You are encouraged to study from “An Introduction to Statistical Learning” for the theoretical portion of the course (this textbook is free for you to download). For implementation, you are encouraged to refer to “Hands on Machine Learning” and “Python for Data Analysis”.

Class meetings will be virtual and facilitated by Zoom. Students are expected to be familiar with the Zoom interface by the start of the course.

All in-class exercises will be completed in Google colab. Students are expected to have a Google account and be familiar with the colab interface by the start of the course. You can find tutorials on python, colab and various python libraries that we’ll need for the course in the “Preparing for the Course” section of the course Moodle.

Homework: Kaggle Competitions

There are two homework assignments that are in the form of Kaggle competitions. Kaggle is a platform for data scientists around the world to collaborate in solving difficult data science challenges. Datasets are often published and made publicly available on Kaggle; users are invited to submit models and the best models are selected based on some pre-determined metric. Students in this course will be expected to participate in two Kaggle competitions, one in the middle of the course and one at the end. You will download a dataset we specify, build predictive models for this data and submit your model to Kaggle to be evaluated. To receive full credit, students must submit their model (in the form of a colab notebook) and must beat the performance of a basic model (the baseline for each competition will be made available).

In-Class Exercises

Students will work in small teams to complete an in-class practical exercise during each class meeting. These exercises focus on model implementation using python libraries, model analysis and interpretation. In each exercise students will be asked to apply concepts they’ve learned in lecture to a real dataset. At the end of each class, these exercises will be collected and graded. Students have the option to improve their answers and resubmit before the next class meeting. If you choose to resubmit the grade of the re-submission will be averaged with your original grade.

Concept Quizzes

Before each class meeting, students are expected to watch a set of lecture videos or read a set of relevant materials. After each video or reading there will be a short quiz on the key concepts covered in the lecture or reading. These quizzes must be completed before the class meeting.

Participation

Students are expected to participate actively during class meetings: 1) by asking questions about the lecture or reading materials 2) by working productively in a team to complete the in-class practical exercises. Each student receives 5 participation points for each class meeting: 5 being Excellent and 1 being Unsatisfactory. If a student is absent from a class meeting without notifying the instructors in advance, they will receive a 0 for participation.

Expectations and Policies

Students are expected to have working knowledge of python programming. In particular, familiarity with the python libraries pandas, numpy and matplotlib is assumed. Students should be comfortable with manipulating numpy arrays, pandas dataframes and be familiar with all basic plotting methods (histogram, line chart, bar char, scatter plot, shaded line chart) of matplotlib. You can prepare or refresh your skills for this course by following the tutorials in the “Preparing for the Course Section” of the course Moodle.
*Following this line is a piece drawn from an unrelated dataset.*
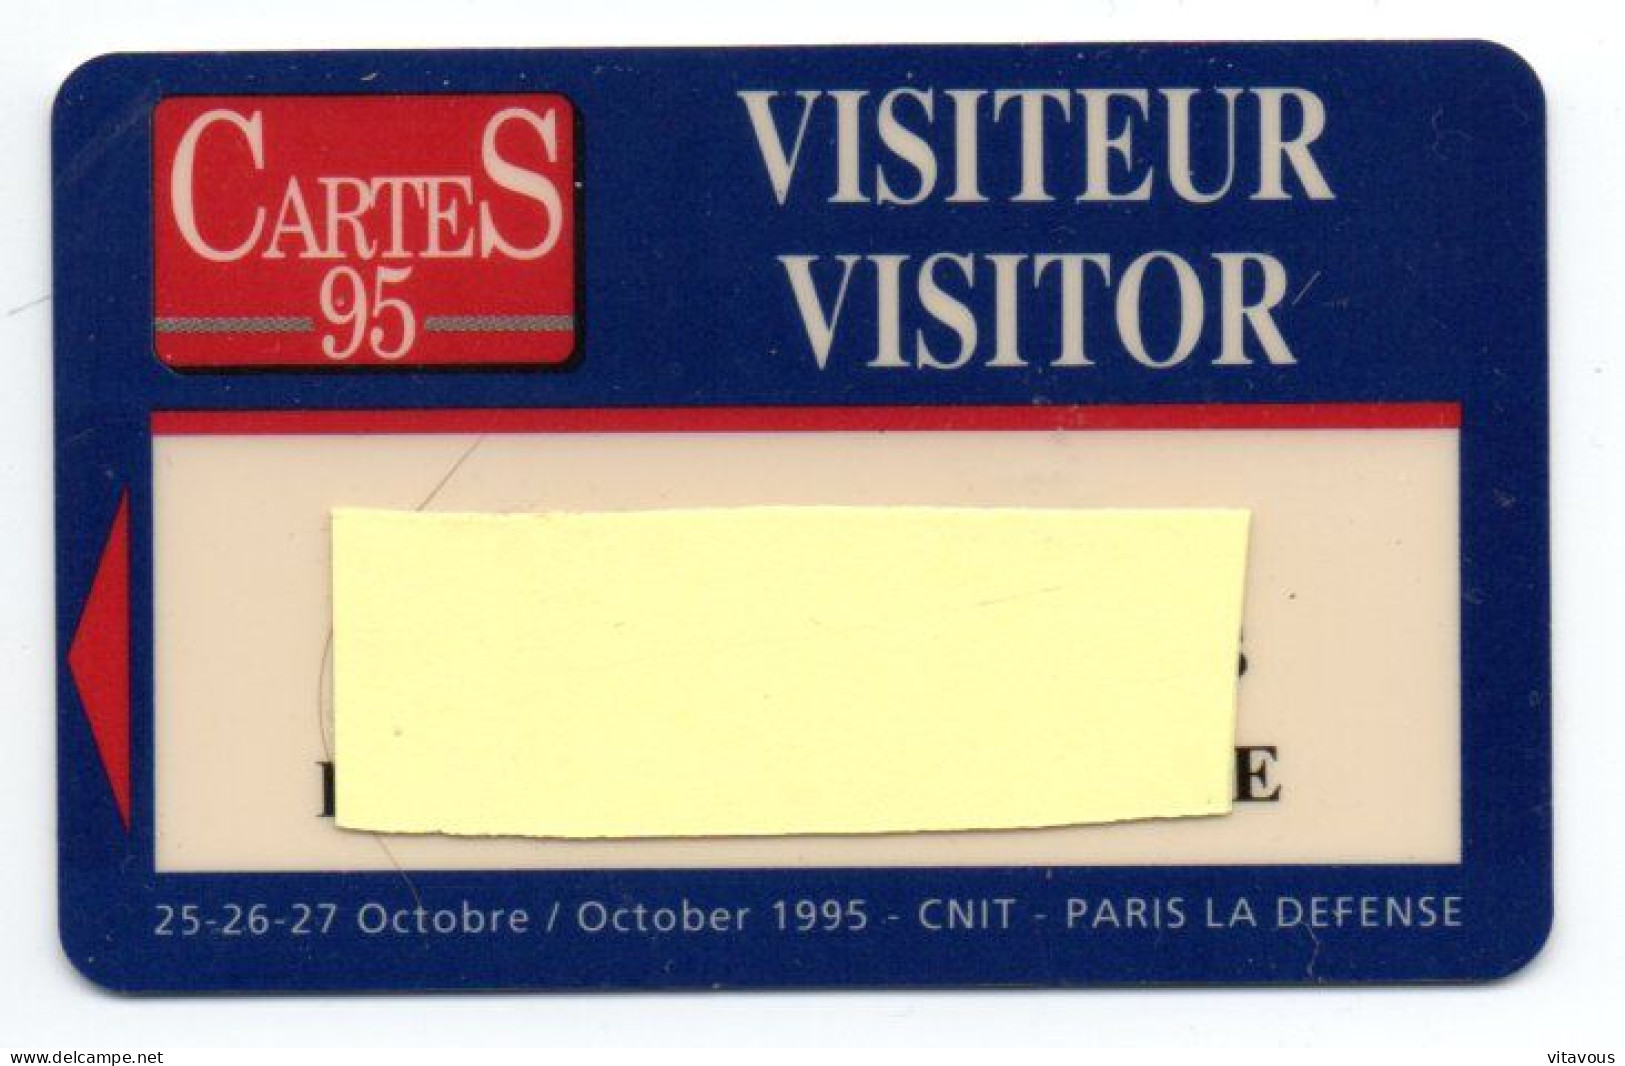 Carte Salon CarteS 95  France Paris Card  Magnétique Karte TBE (F 617) - Exhibition Cards

Late work and absences will not be accepted save in exceptional situations.

Help for the Course

The official office hour for the course is on Wednesday from 2pm-5pm (Kigali time). During this time, you are encouraged to ask questions about class materials or machine learning concepts. You are expected to participate actively on the course discussion forum on Piazza: you may post questions about homework or in-class exercises; your peers and your instructors will answer your questions. You are also welcome to contact the instructors by writing to the official course email. However, the fastest way to have your questions answered is through office hours and on Piazza.